===== Recorded information =====

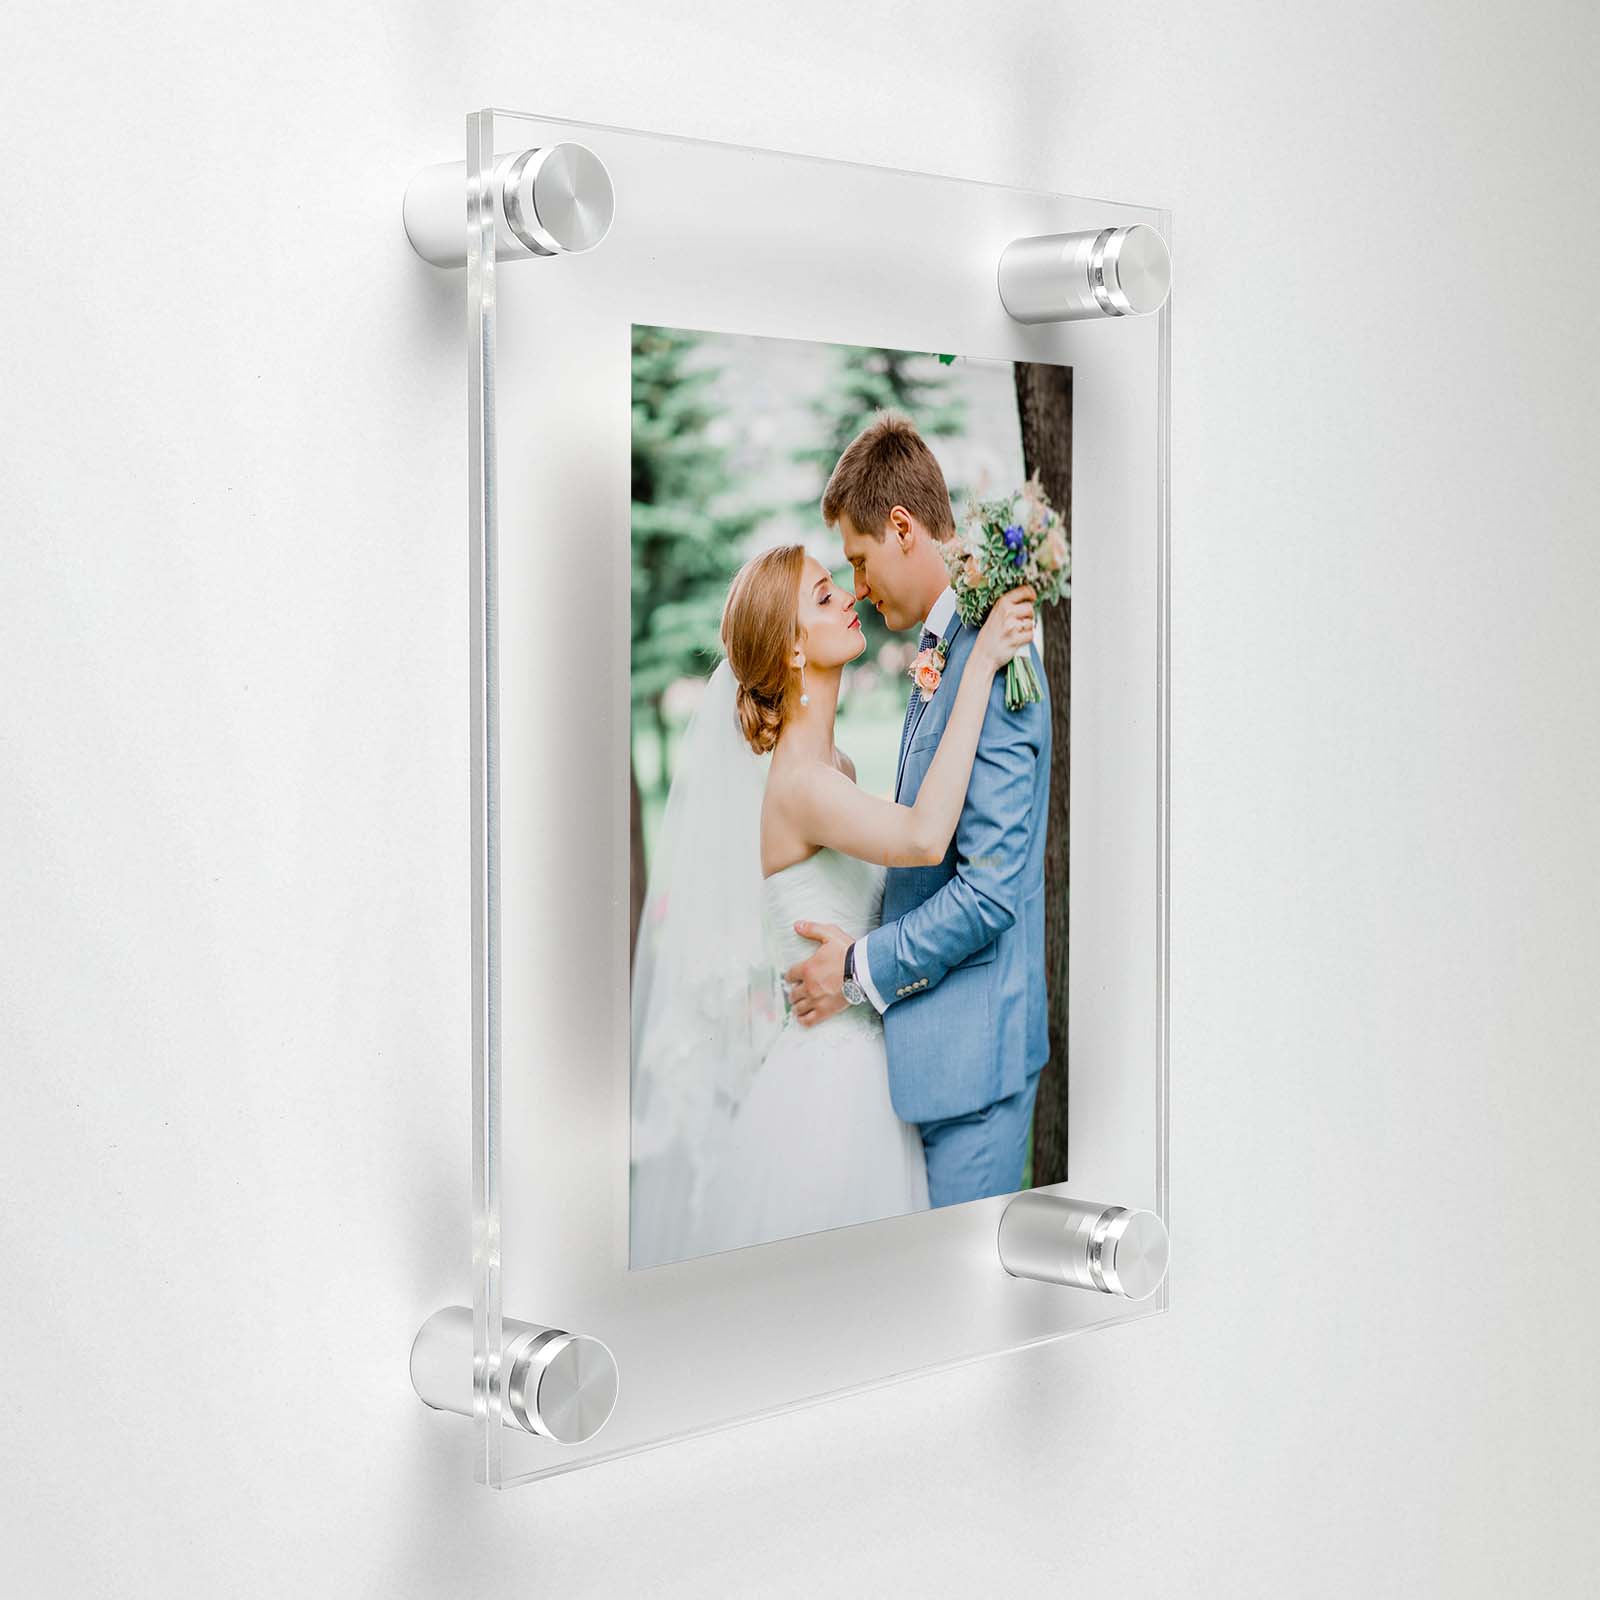 (2) 24'' x 36'' Clear Acrylics , Pre-Drilled With Polished Edges (Thick 3/16'' each), Wall Frame with (6) 1'' x 1'' Silver Anodized Aluminum Standoffs includes Screws and Anchors
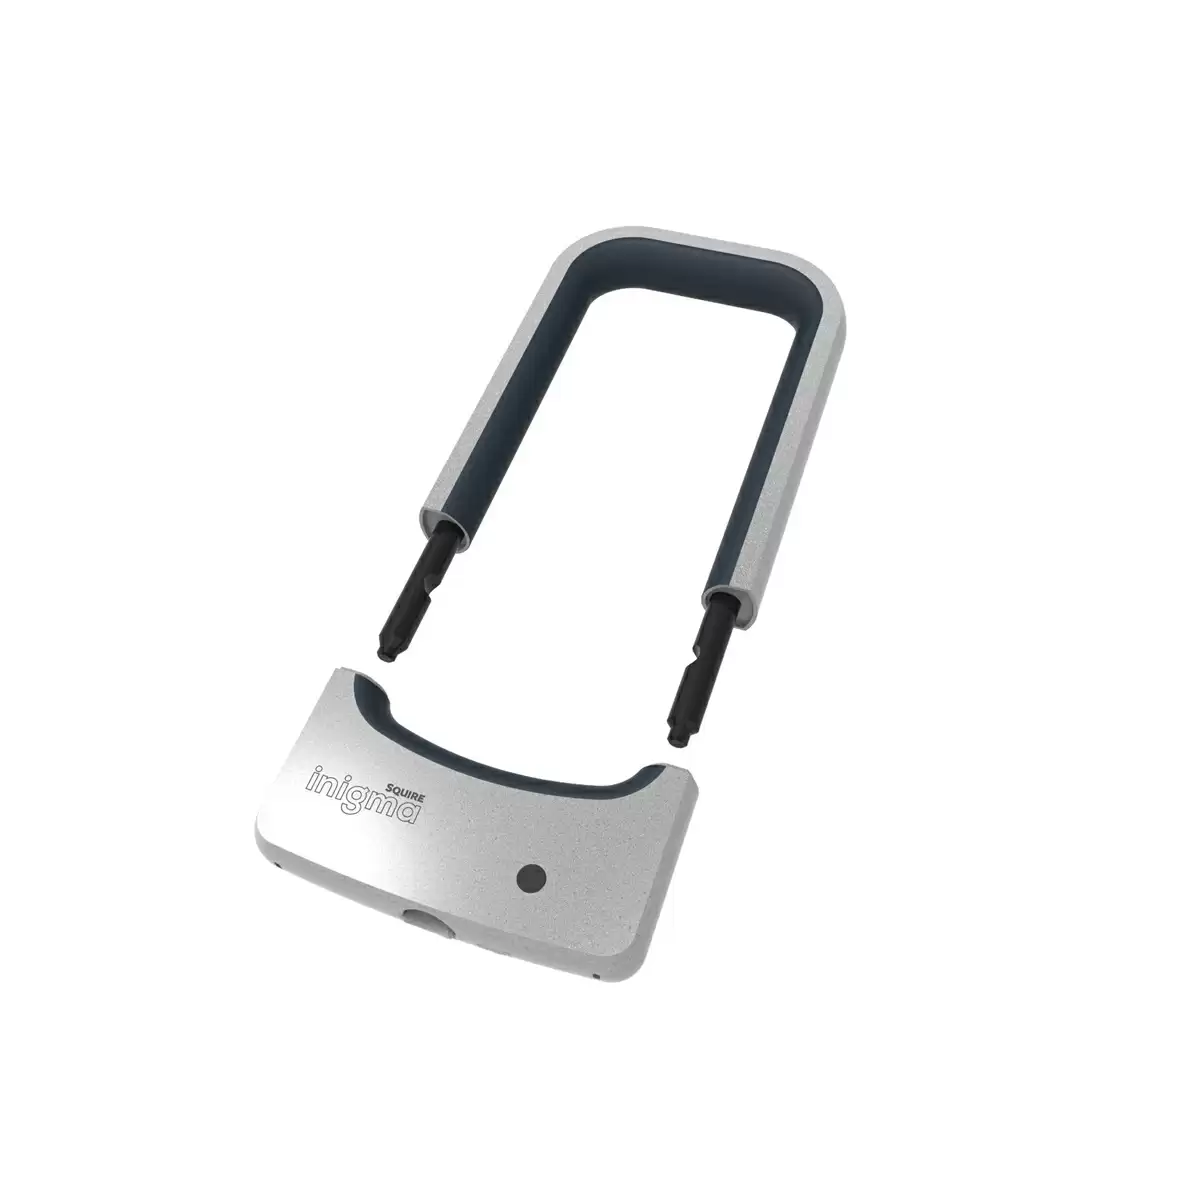 Bluetooth Bikelock Inigma BL1 190mm open / closure with Smartphone - image
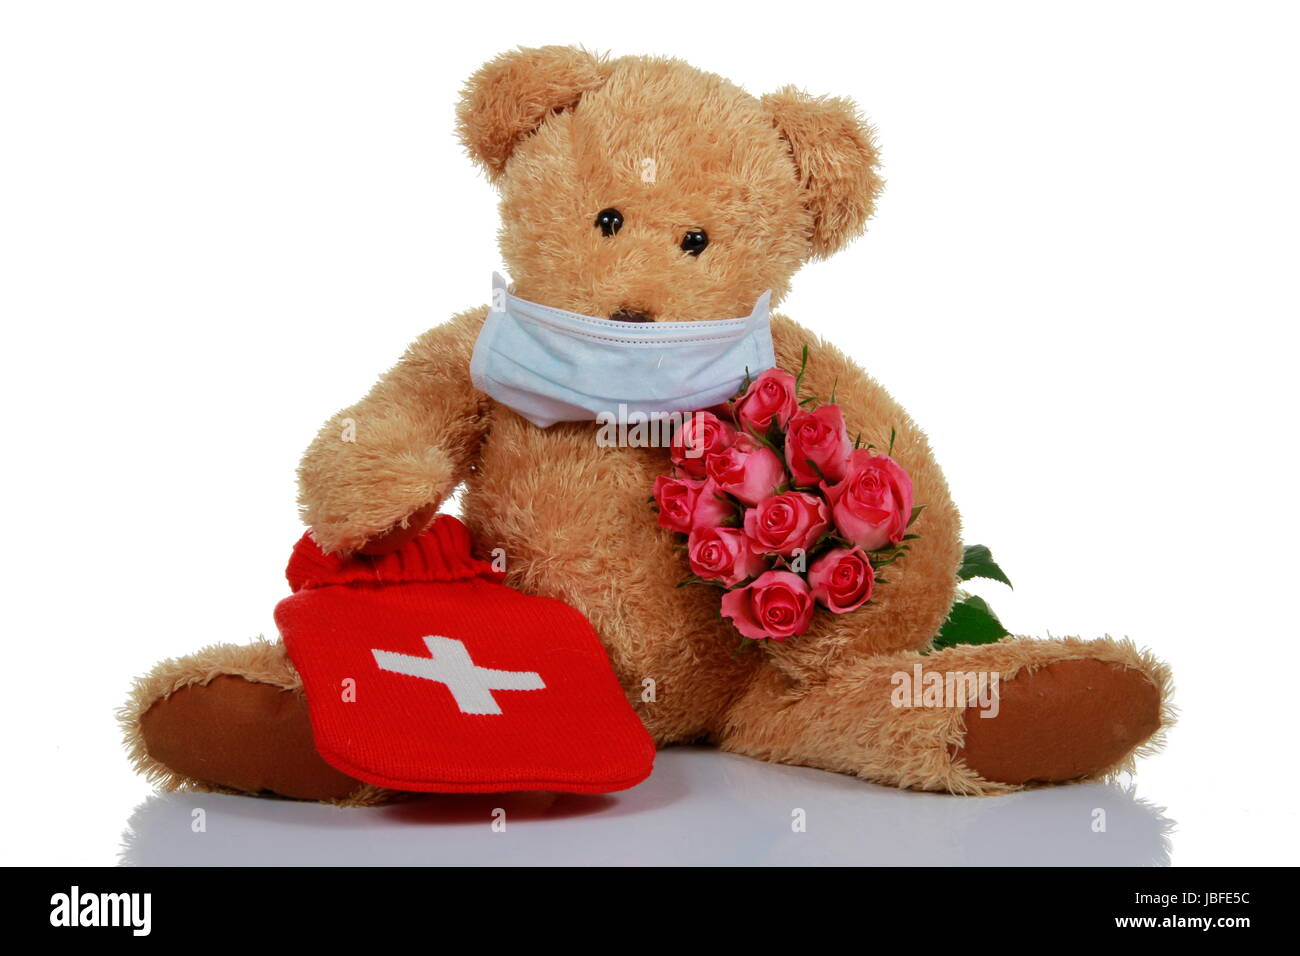 teddy bear with hot water bottle and roses Stock Photo
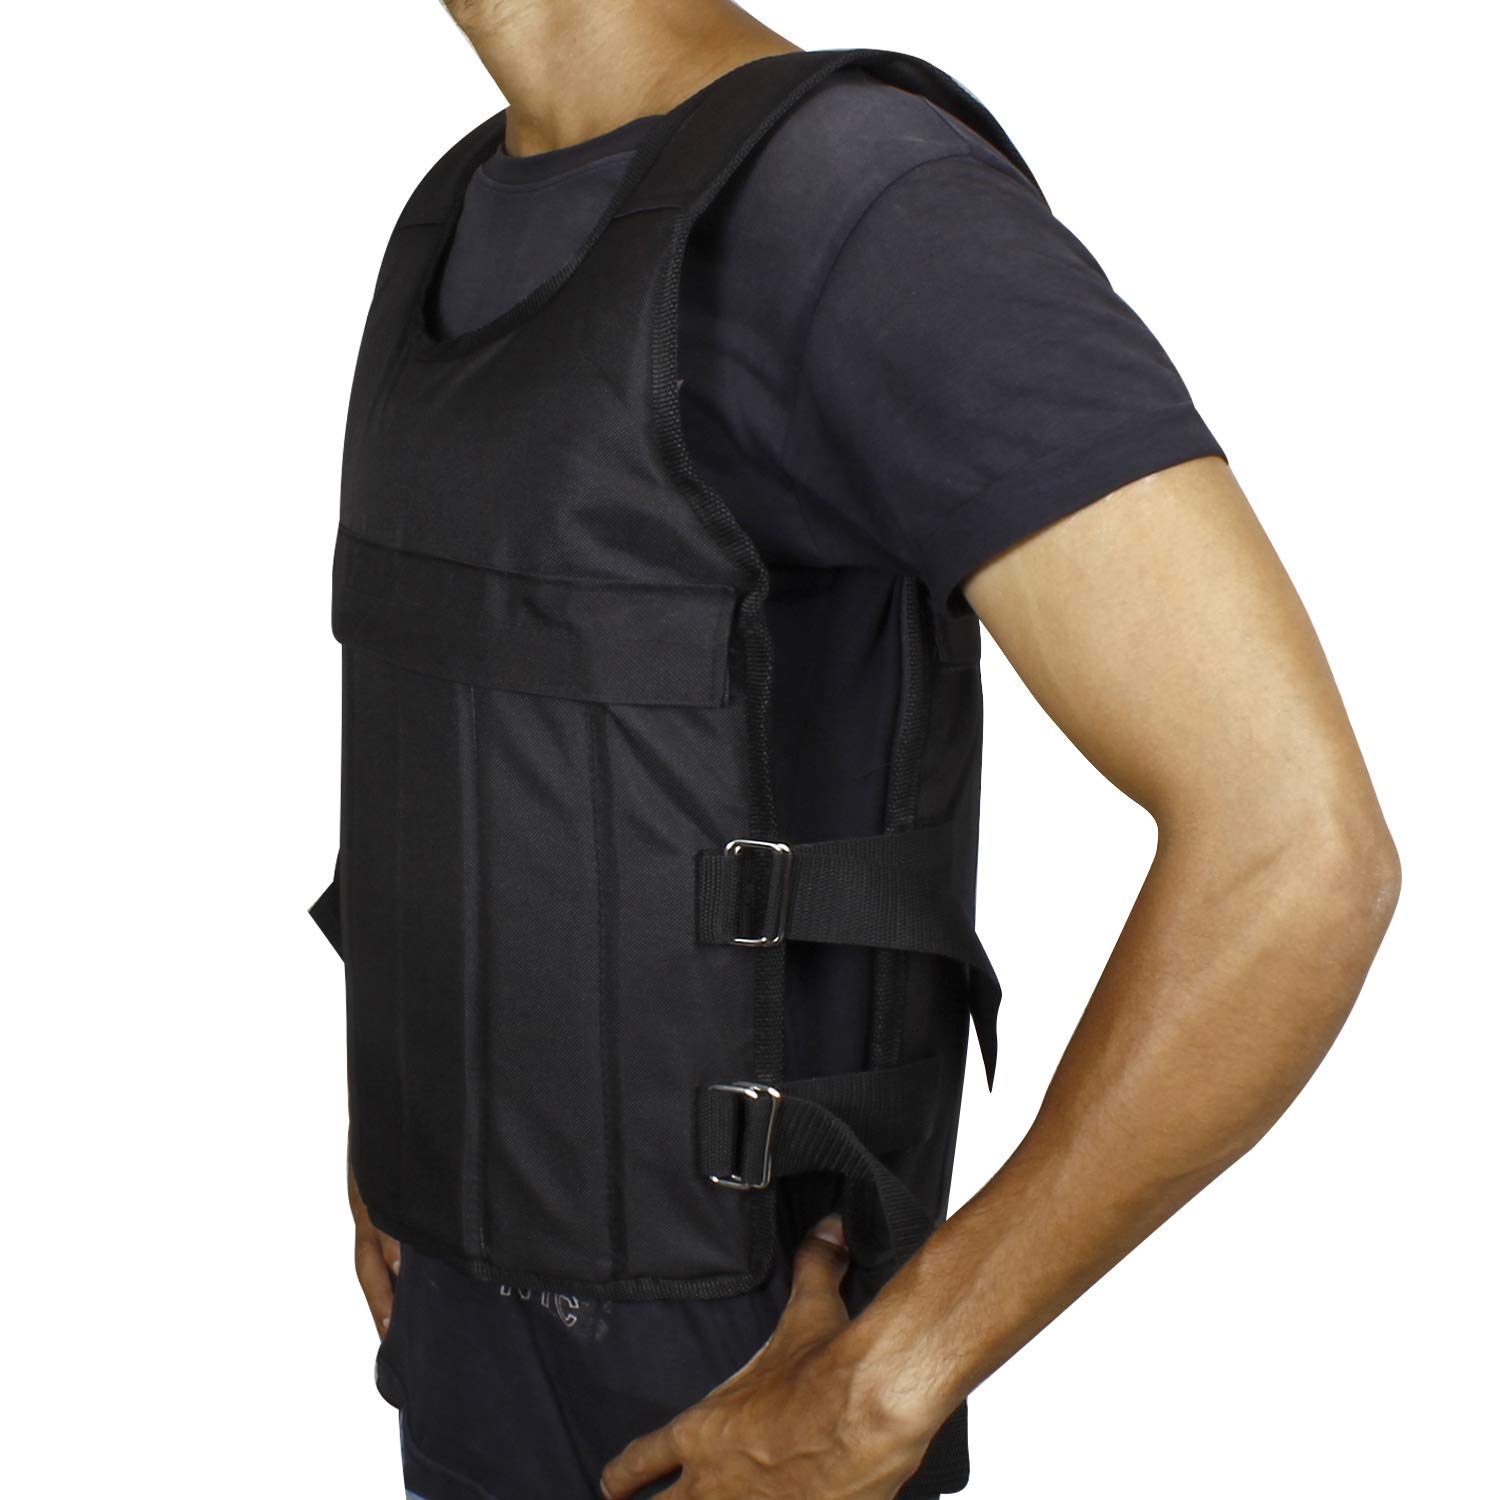 FITSY Adjustable Weighted Vest Online in India

=====

- What is being asked: The answer should be the complete listing, set down exactly, without pictures.

- Response to the task:
 (2) 24'' x 36'' Clear Acrylics , Pre-Drilled With Polished Edges (Thick 3/16'' each), Wall Frame with (6) 1'' x 1'' Silver Anodized Aluminum Standoffs includes Screws and Anchors
 Bluetooth Bikelock Inigma BL1 190mm open / closure with Smartphone - image
 teddy bear with hot water bottle and roses Stock Photo
 FITSY Adjustable Weighted Vest Online in India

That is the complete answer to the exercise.